>>

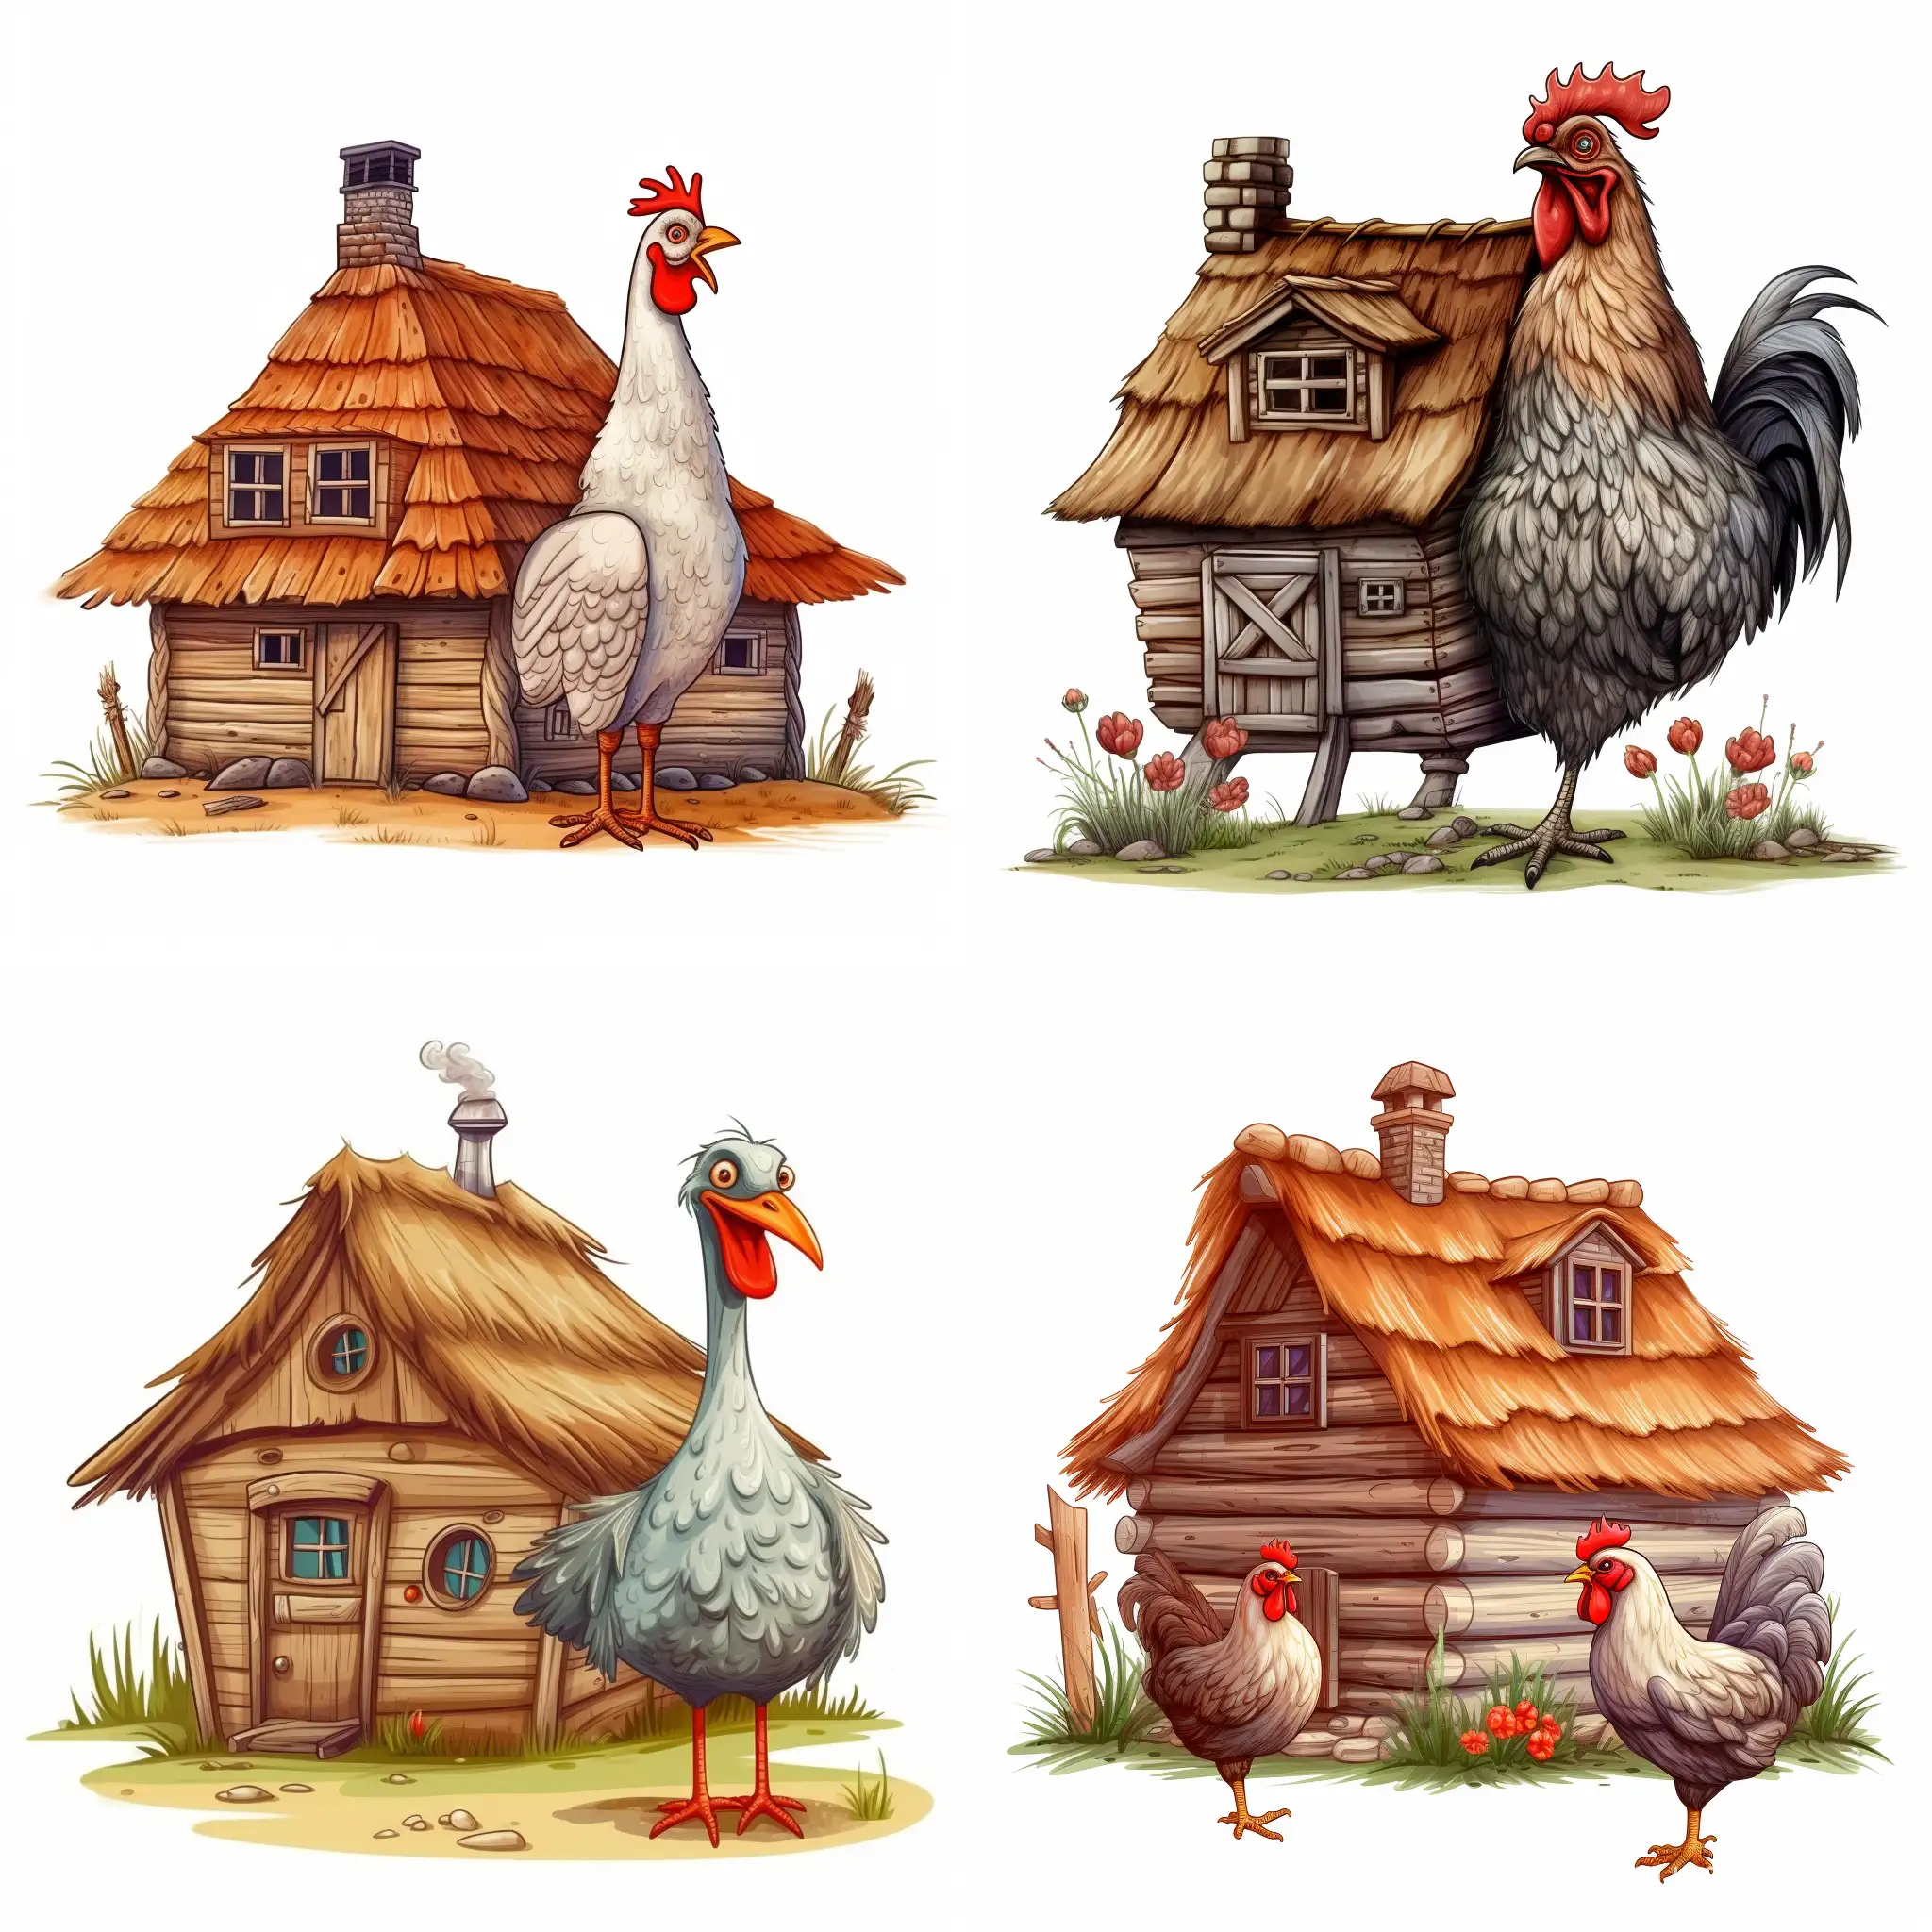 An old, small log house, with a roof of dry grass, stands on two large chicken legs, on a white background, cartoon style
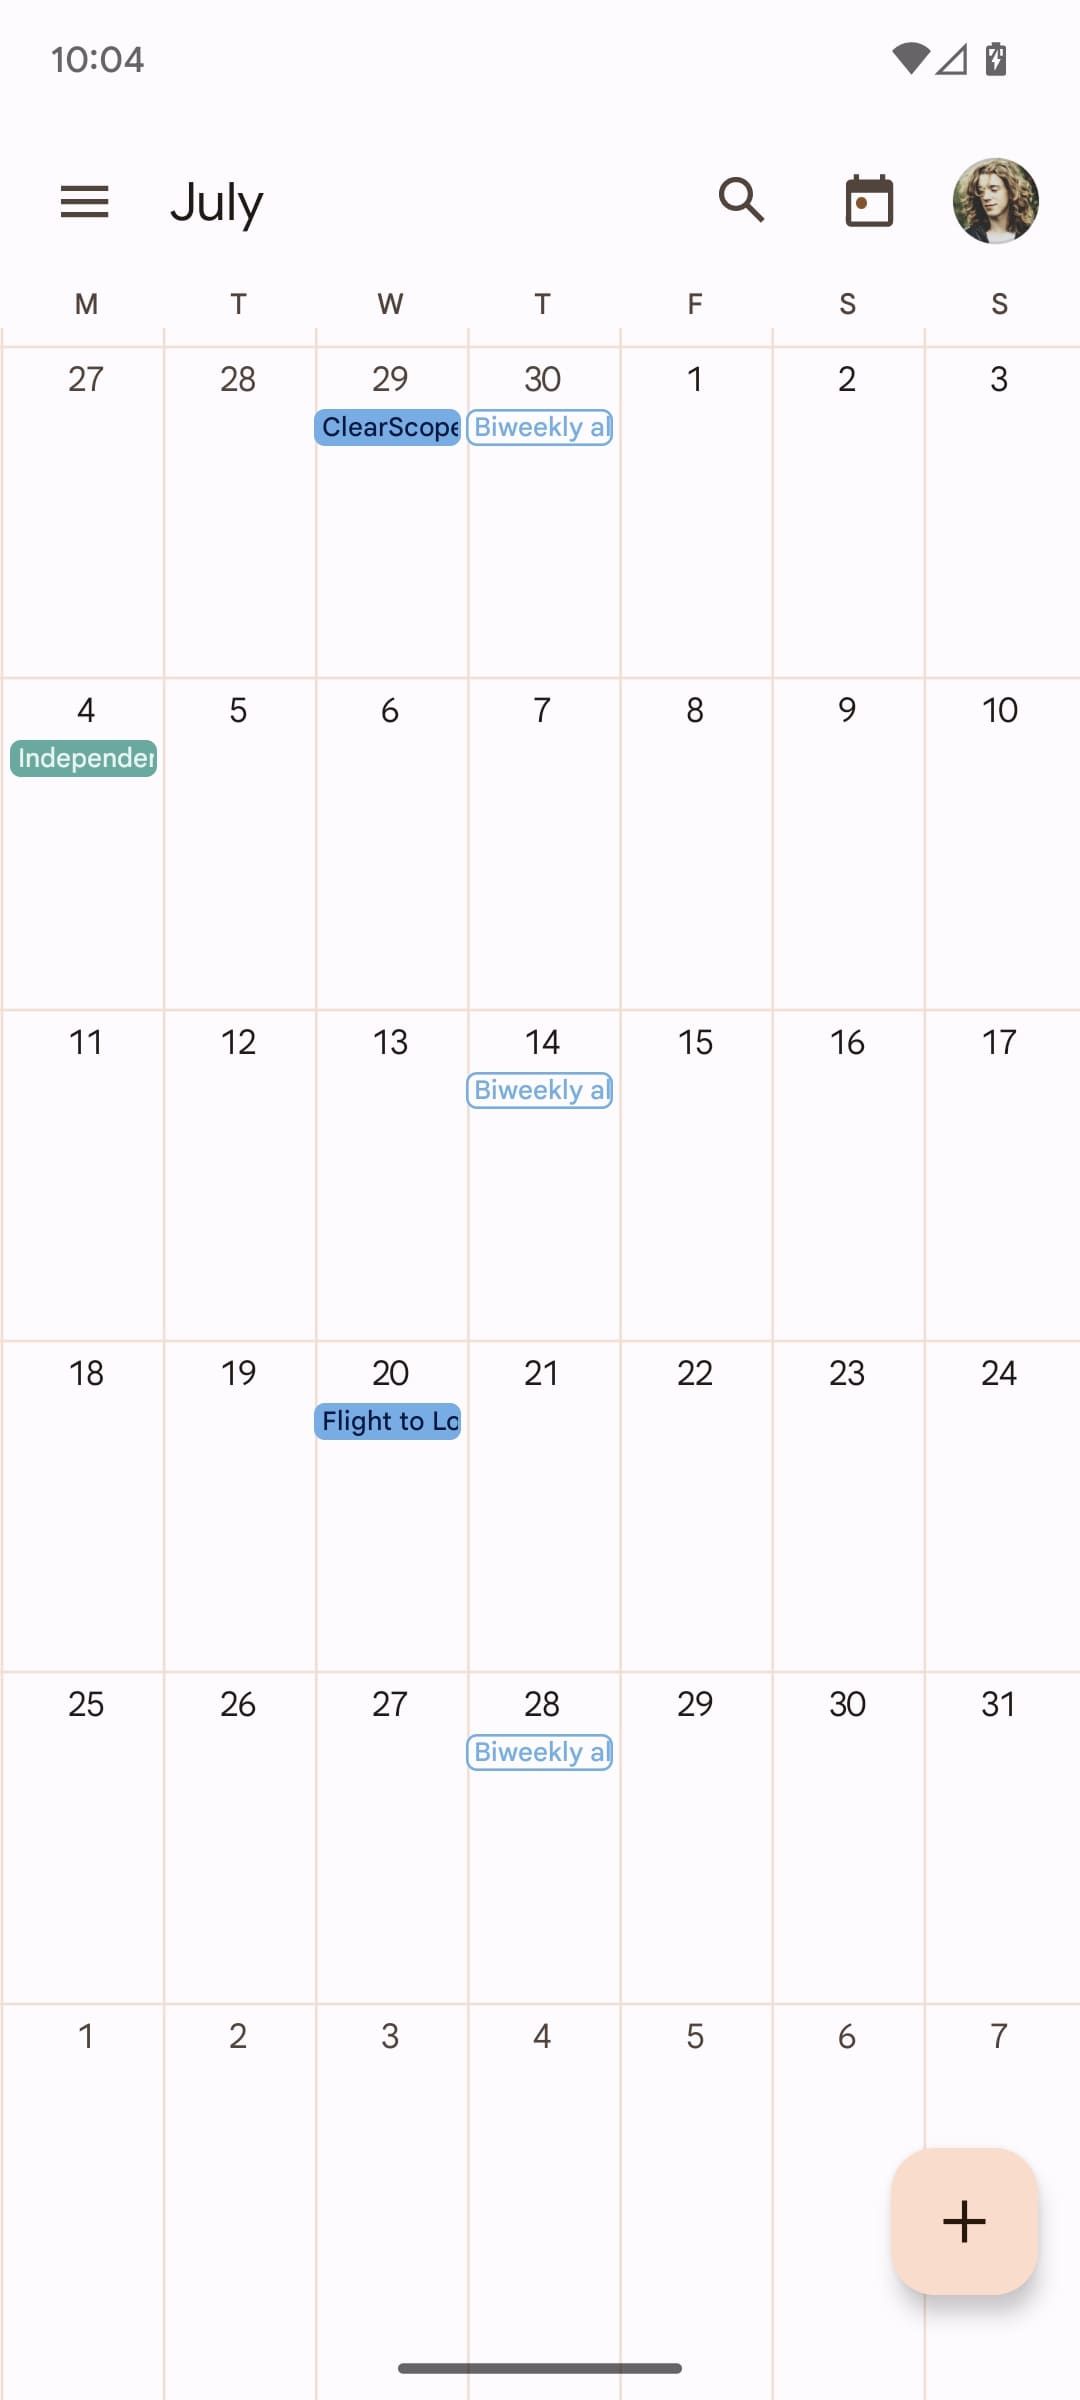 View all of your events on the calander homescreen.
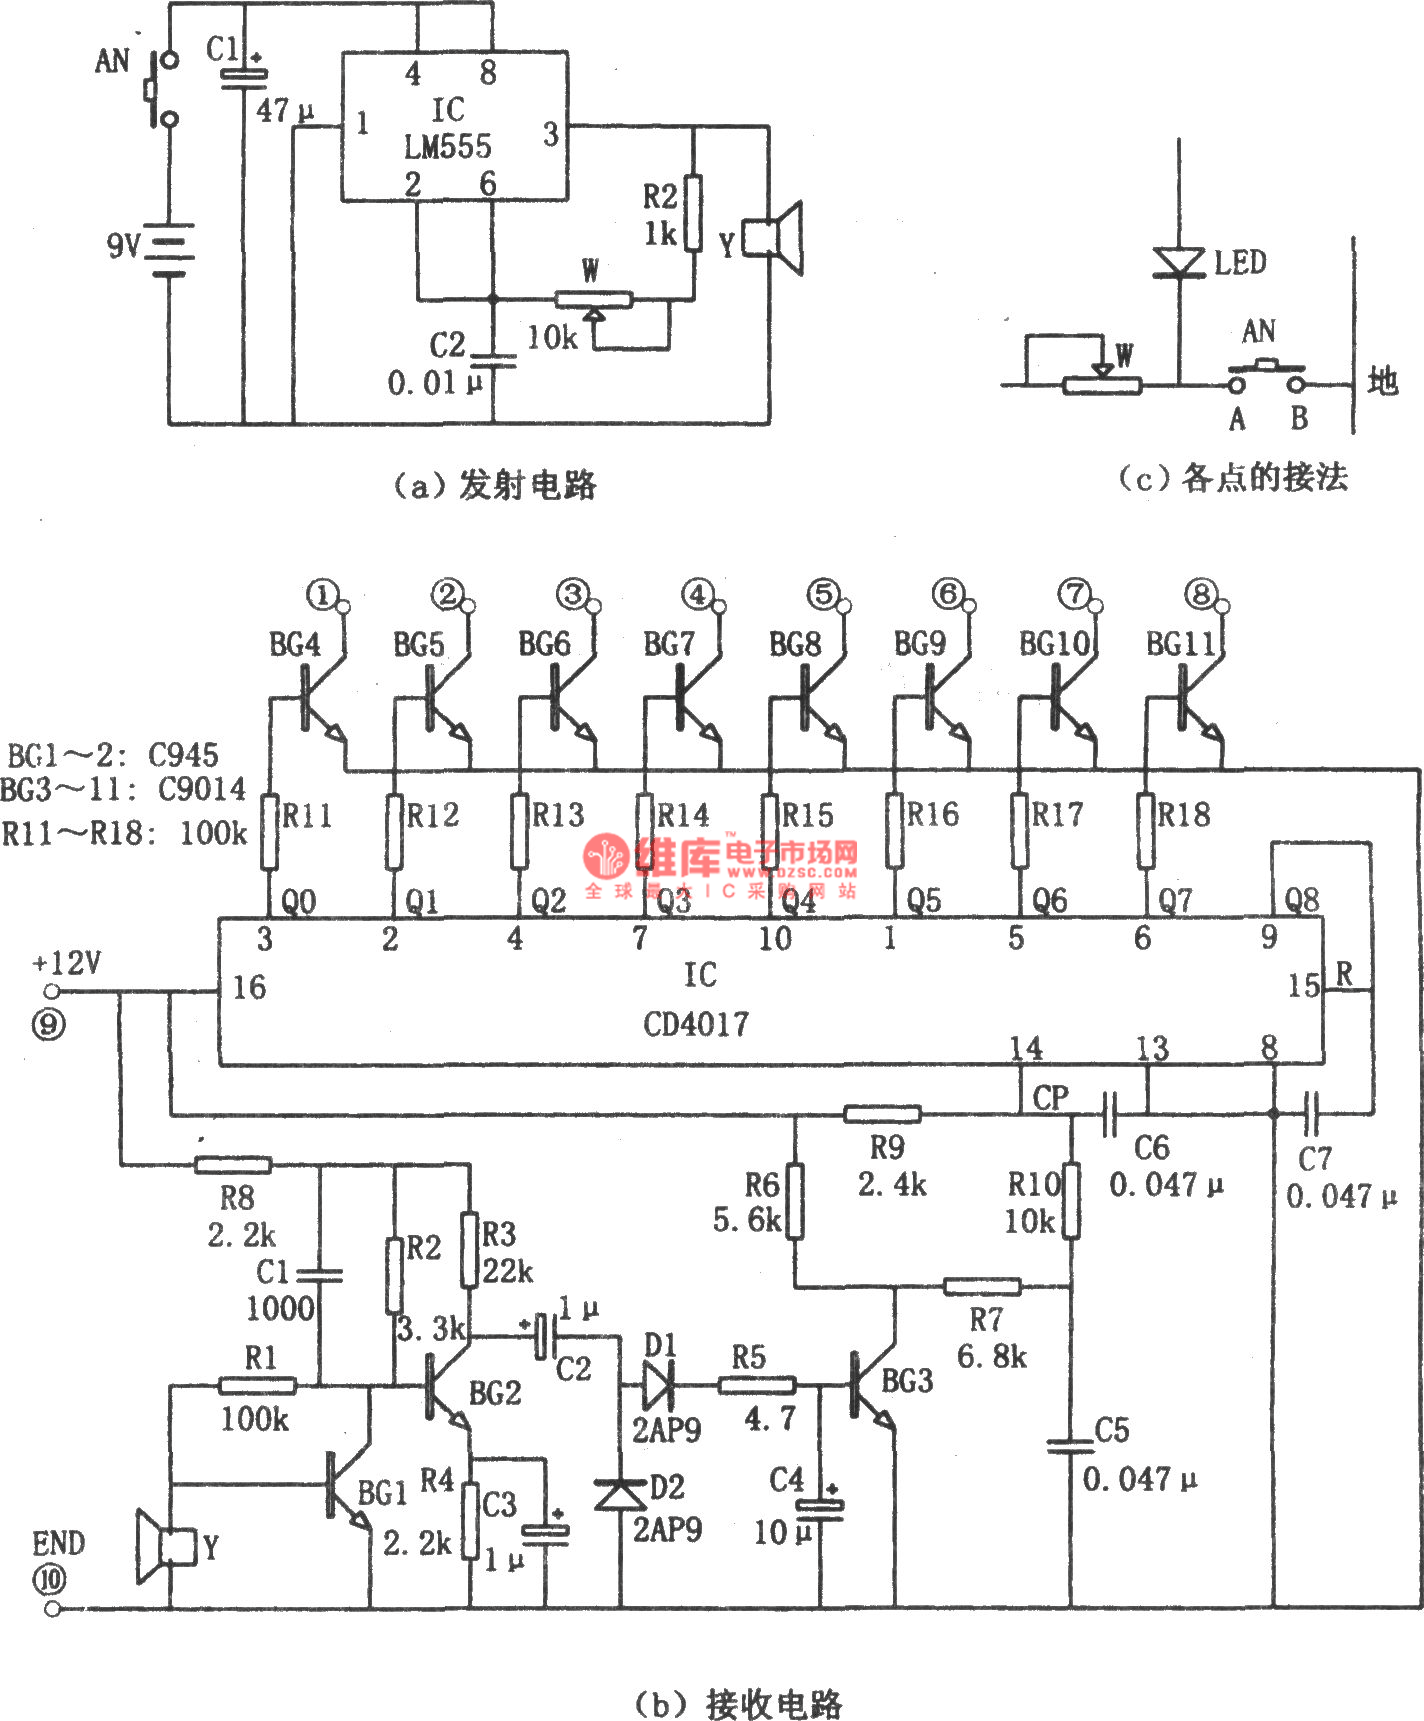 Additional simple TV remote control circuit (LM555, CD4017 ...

<<

▸ Work instruction
A faithful copy is needed of the lines from the one containing "View all of" through the last line of the data above, with pictures left out.

▸ Completed exercise
 View all of your events on the calander homescreen.
 Additional simple TV remote control circuit (LM555, CD4017 ...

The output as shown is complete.